To perform this feat, before RF 'looks' at a sample with known categories, and 'learns' from it. This is called the 'training' process.

Since it uses a training data to learn, the method is called supervised learning, as opposed to unsupervised learning where a data is categorized into its most likely clusters without having any hint of what those clusters may be from any previously available data sources.

Some other supervised learning techniques are Logistic Regression, Neural Networks, Support Vector Machines, and Gradient Boosting Machines.

A Random Forest, as the name indicates, generates a collection of trees - viz. Decision Trees - at the end of the learning process. Each tree by itself is a predictor. To categorize a new observation, it is run through all the trees, and the results are aggregated.

Testing Random Forest

How well does it work?

To test it, I created a data that where I color a point \((x,y)\) as Green if \(y>\sin(x)\), otherwise I call it Red.
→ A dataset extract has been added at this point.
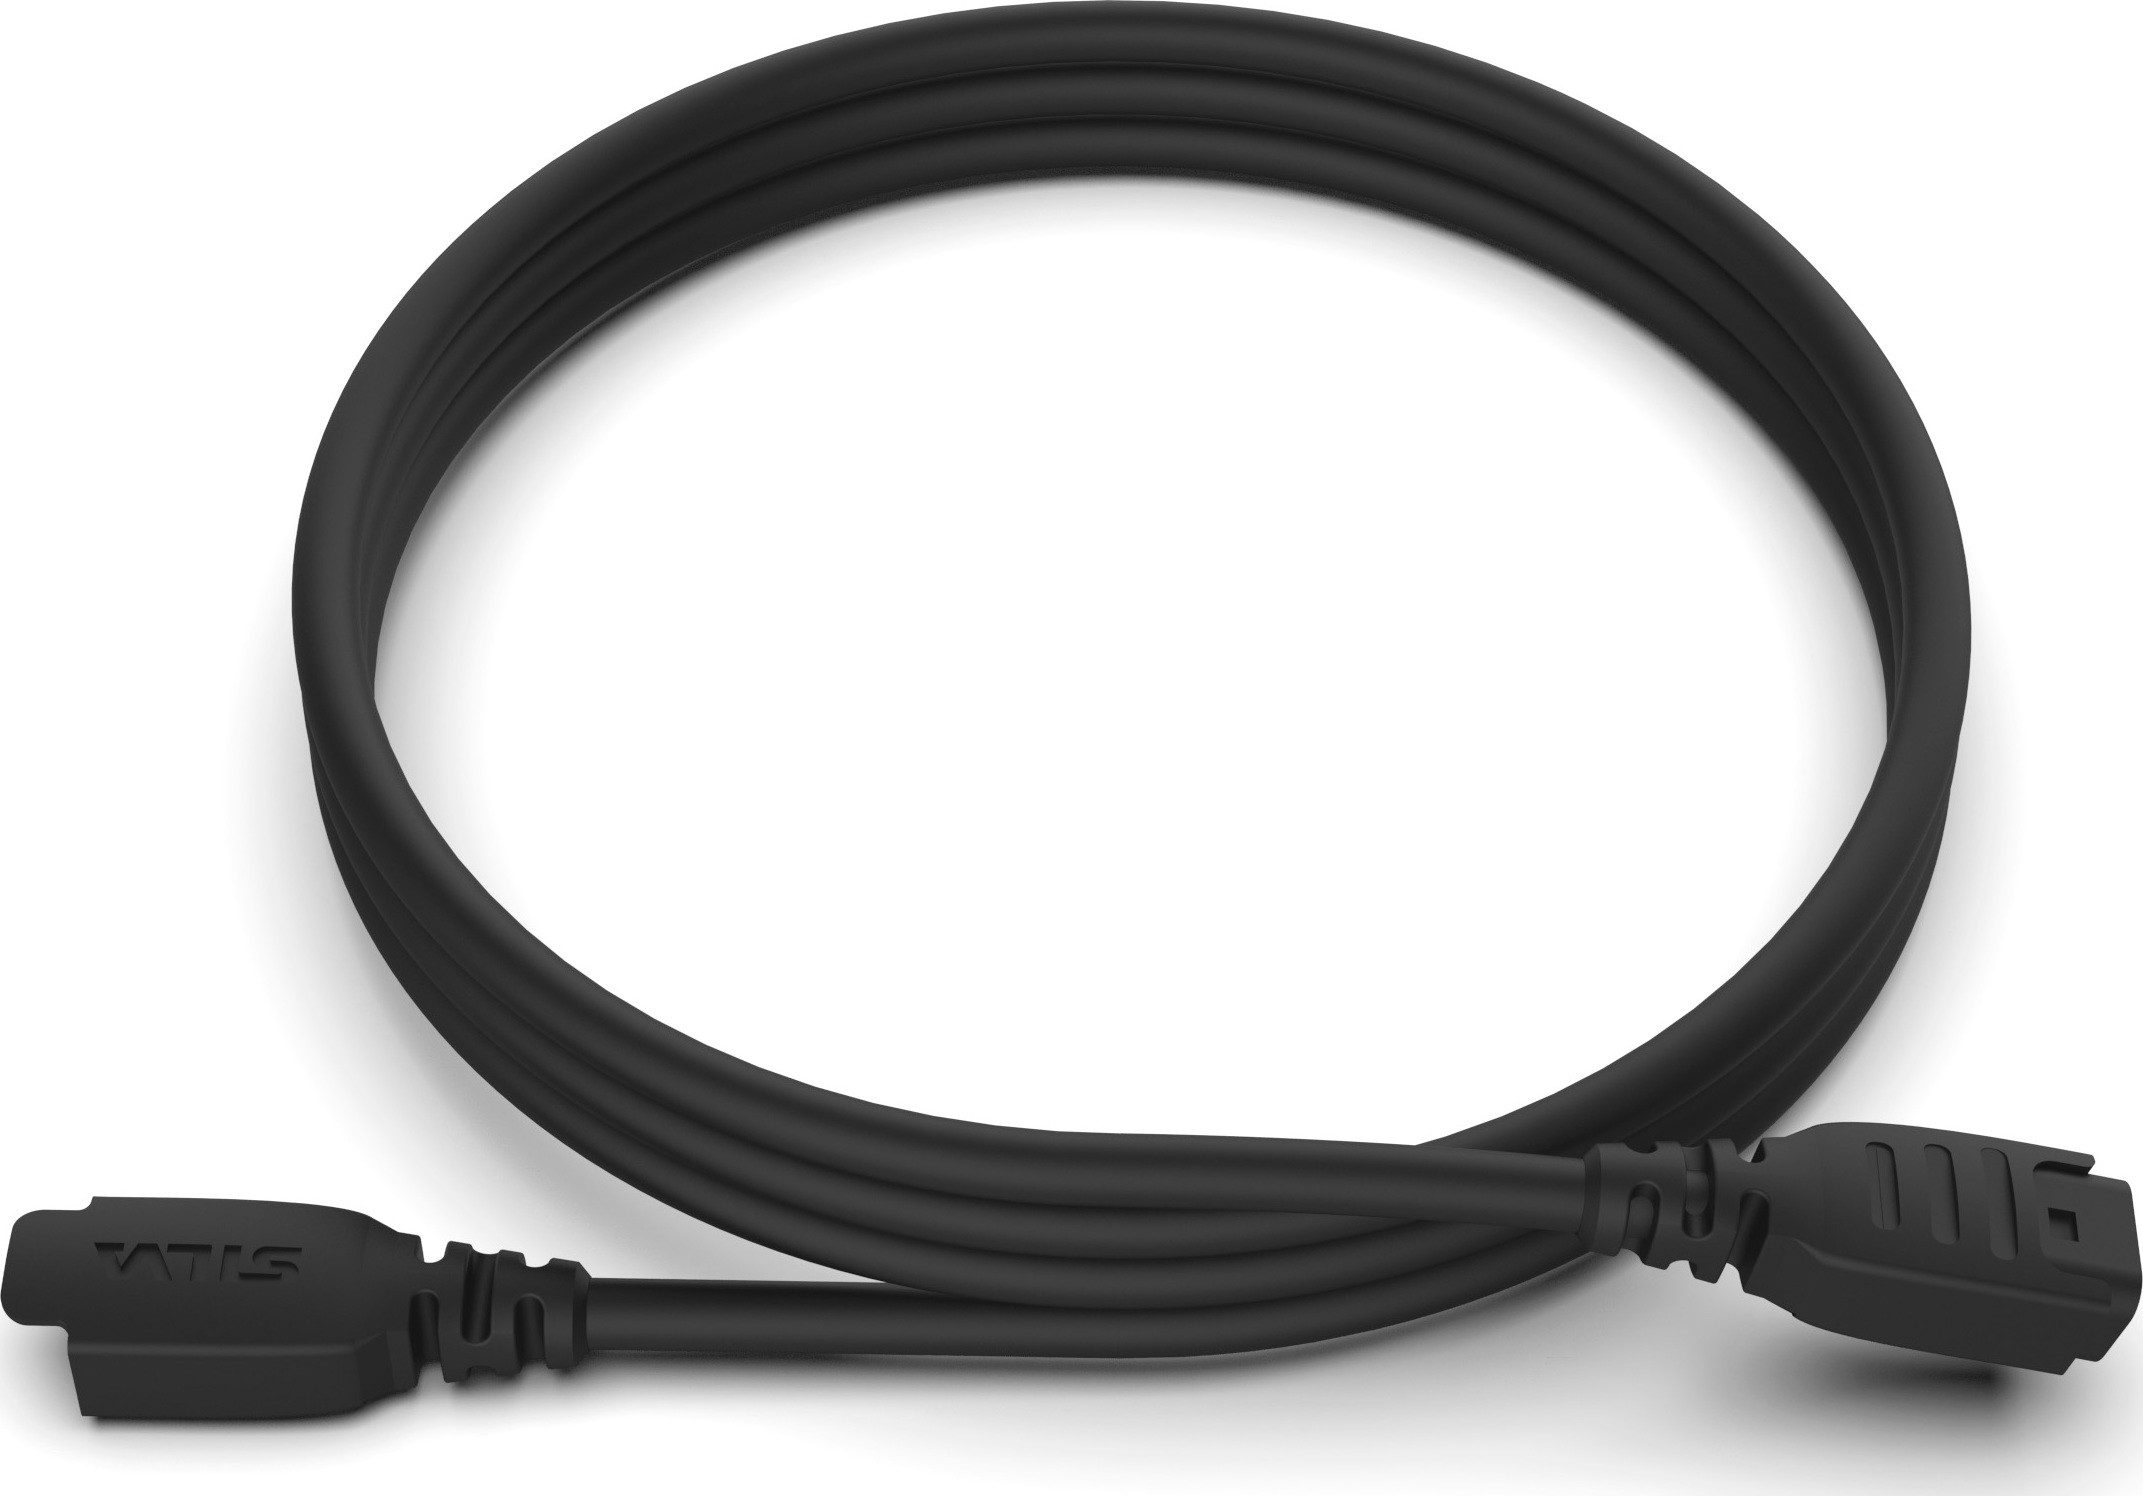 Silva Silva Spectra Extension Cable Nocolour No Size, No colour

Note conventional methods like Logistic Regression, \(P(green)=\left({1+e^{-(\alpha+\beta_1 x + \beta_2 y)}}\right)^{-1}\), would fail on this data, as it depends on the relationships being linear.

Test Function

Then I created samples of different sizes consisting of \((x,y)\) points, applied the red/green labeling for training the RF.

Training Samples

As I was interested to see the quality of the prediction varies on the amount of data, I fed the above samples separately. The number of trees that RF generates, which upto a point increases the predictive power, was also varied. It was RF's job to come up with the function just by looking these points.

Guess made by Random Forest

Looking at this pictures, it it apparent that RF recreated the functions very accurately, even with as low as 100 observations - for which it may actually be difficult for a person to guess the function.
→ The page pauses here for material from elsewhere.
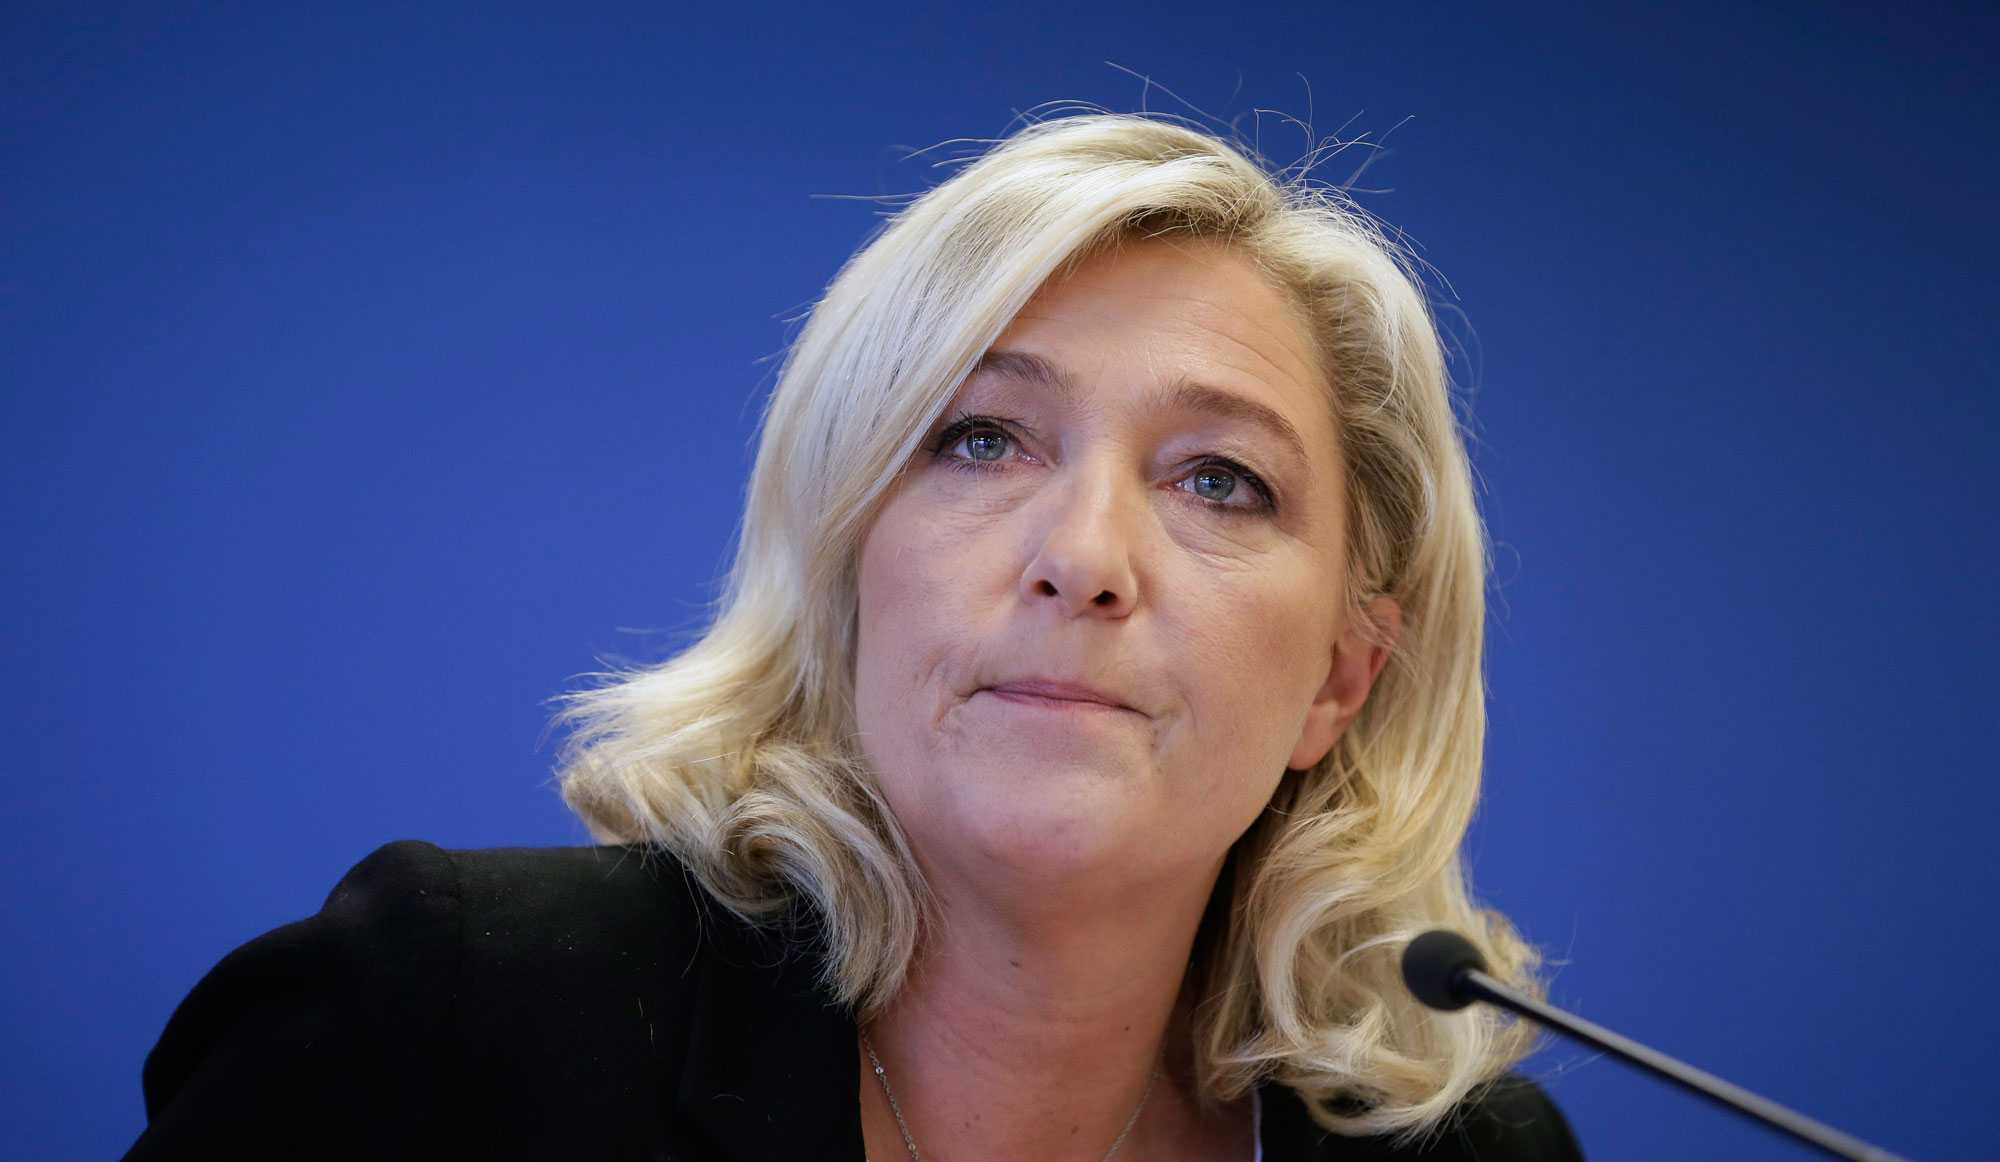 La Francia si prepara al voto: la sinistra di Hollande soccombe all'estrema destra di Marine Le Pen

For our simple data, the incremental gain by increasing the number of trees from 50 to 1000 is small.

Confidence

RF has a natural candidate that can be used to estimate how confident it is for each prediction. If there are \(n\) trees, we can simply compute the variance of the predictions \(v_k=\frac{1}{n}\sum_{i=1}^n(\hat p_k-\frac{1}{n}\sum(\hat p_k))\) for each observation.

A sense of the confidence can be seen by looking at the white region in the charts above. Below is a plot of the relative standard deviation which brings it out clearly.

Relative Uncertainty of Random Forest

Darker areas correspond to regions of higher uncertainty.

Observe that the most uncertain regions are at the boundary region, as one would expect, since it is at the boundary you will be most unsure about what color a point will have.

Also as the size of the training sample is increased, uncertainty recedes more and more towards the boundary of the classes.

Conclusion

Per each data point, the variance of outcomes by all the trees can be used to estimate the confidence in its prediction. It is valuable especially for estimating continuous attributes (though the simple example above demonstrates this on discrete outcomes), but it is generally overlooked. In a scenario where a bad decision is costly, the confidence can be used to filter the data before taking a decision.